By 1934 Coughlin was perhaps the most prominent Roman Catholic speaker on political and financial issues, with a radio audience that reached millions of people every week. When he began criticizing the New Deal that year, Roosevelt sent Joseph P. Kennedy and Frank Murphy, prominent Irish Catholics, to try to tone him down. Ignoring them, Coughlin began denouncing Roosevelt as a tool of Wall Street. Coughlin supported Huey Long until Long was killed in 1935, and then supported William Lemke's third party in 1936. As Coughlin turned into a bitter opponent of the New Deal, his radio talks escalated in vehemence against Roosevelt, capitalists and "Jewish conspirators". He was initially supported, and later – after turning on Roosevelt - opposed in his efforts by another nationally known priest, Monsignor John A. Ryan.<10> Kennedy, who strongly supported the New Deal, warned as early as 1933 that Coughlin was "becoming a very dangerous proposition" as an opponent of Roosevelt and "an out and out demagogue." Kennedy worked with Roosevelt, Bishop Francis Spellman and Eugenio Cardinal Pacelli (the future Pope Pius XII) in a successful effort to get the Vatican to silence Coughlin in 1936.<11> In 1940-41, reversing his own views, Kennedy attacked the isolationism of Coughlin and of aviator Charles Lindbergh.<12>
In 1935, Coughlin proclaimed, "I have dedicated my life to fight against the heinous rottenness of modern capitalism because it robs the laborer of this world's goods. But blow for blow I shall strike against Communism, because it robs us of the next world's happiness."<13> He accused Roosevelt of "leaning toward international socialism on the Spanish question." Coughlin founded the National Union for Social Justice, an organization with a strong following among nativists and opponents of the Federal Reserve, especially in the Midwest. As Michael Kazin notes, Coughlinites saw Wall Street and Communism as twin faces of a secular Satan.
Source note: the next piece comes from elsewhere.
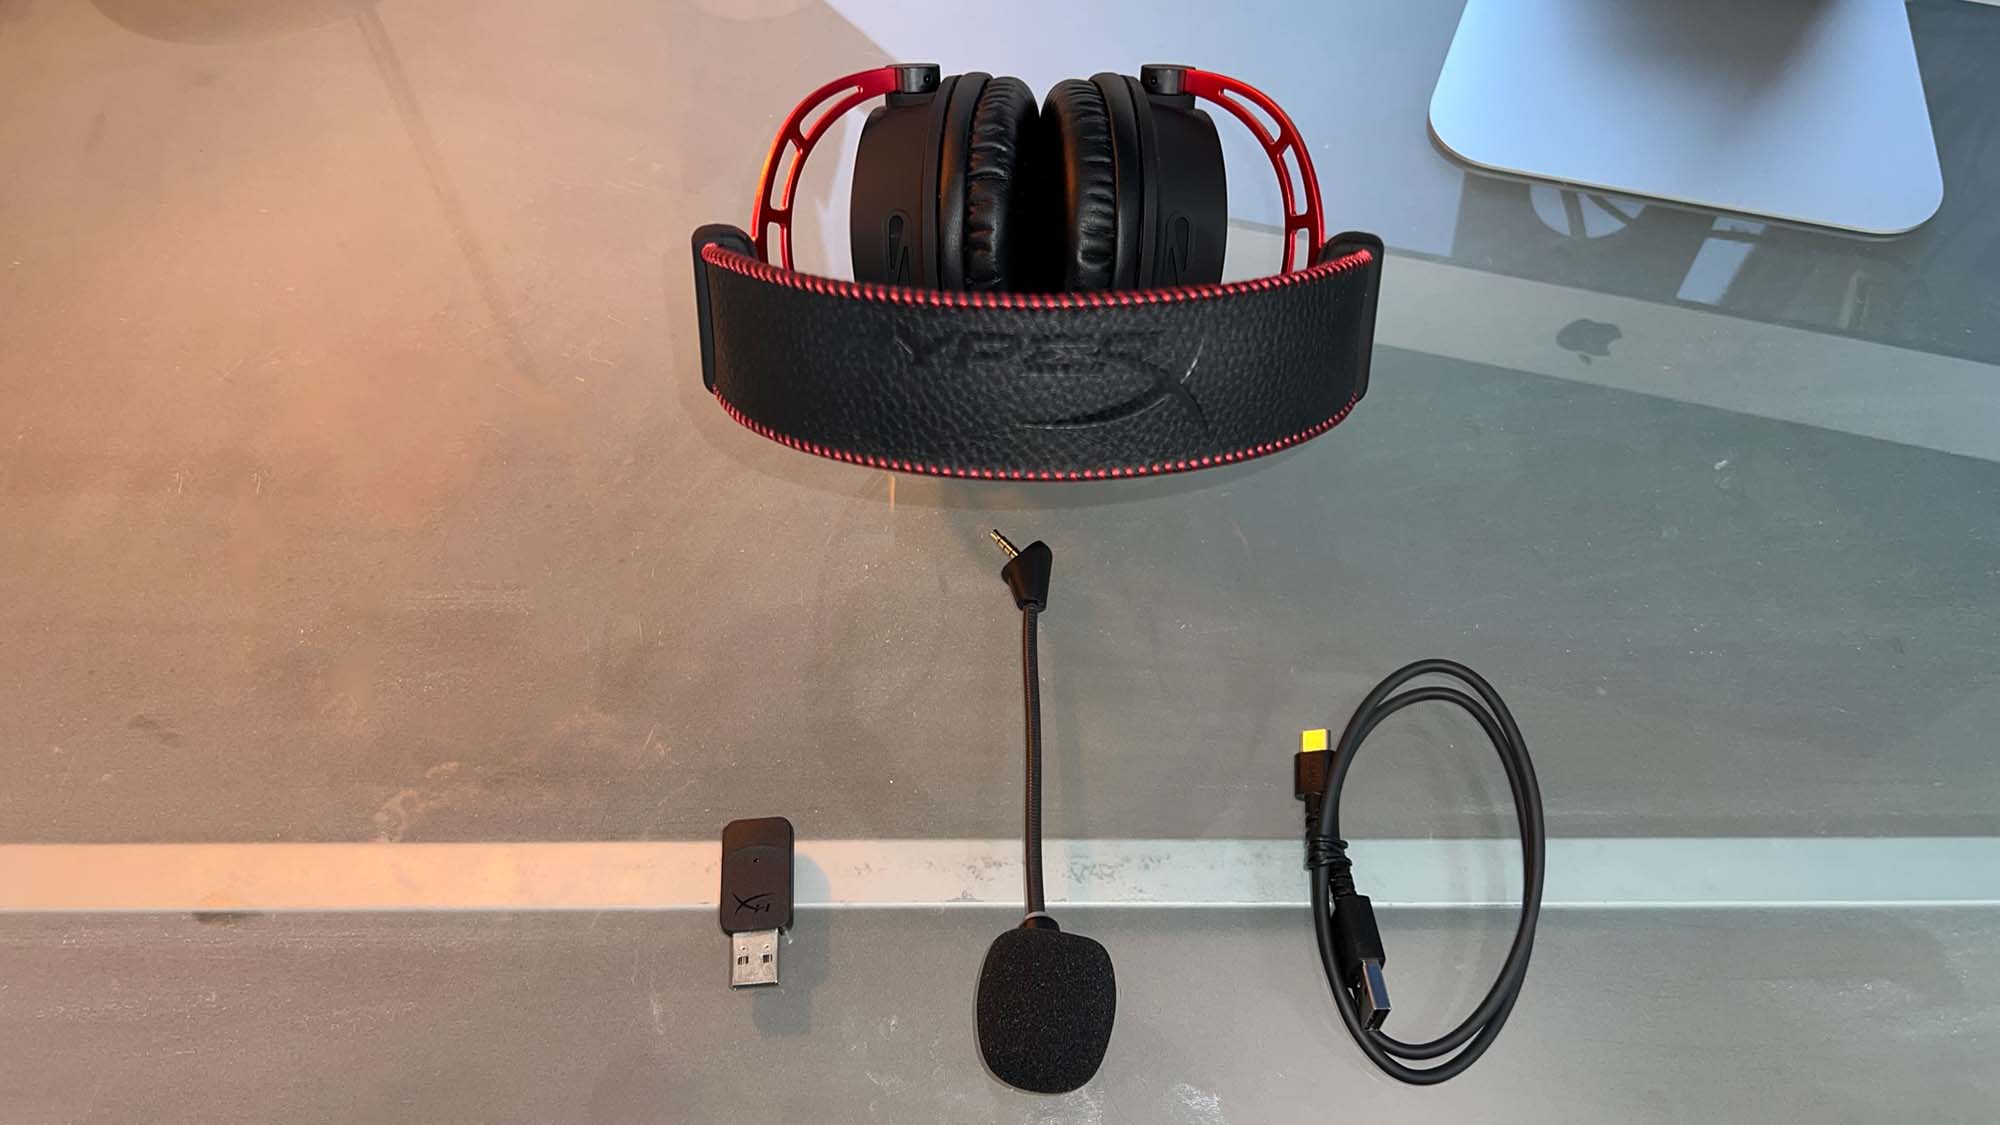 A HyperX Cloud Alpha Wireless gaming headset on a glass table

Coughlinites believed that they were defending those people who cohered more through piety, economic frustration, and a common dread of powerful, modernizing enemies than through any class identity.<14>
One of Coughlin's campaign slogans was: "Less care for internationalism and more concern for national prosperity" which went well with the 1930s isolationist movement in the United States. Coughlin's organization especially appealed to Irish Catholics. In 1936, Coughlin helped found a short-lived political party, the Union Party, which nominated William Lemke for President. Coughlin promised to retire if Lemke did not get nine million votes, and when he received only 900,000 Coughlin stopped broadcasting briefly. He resumed in 1937.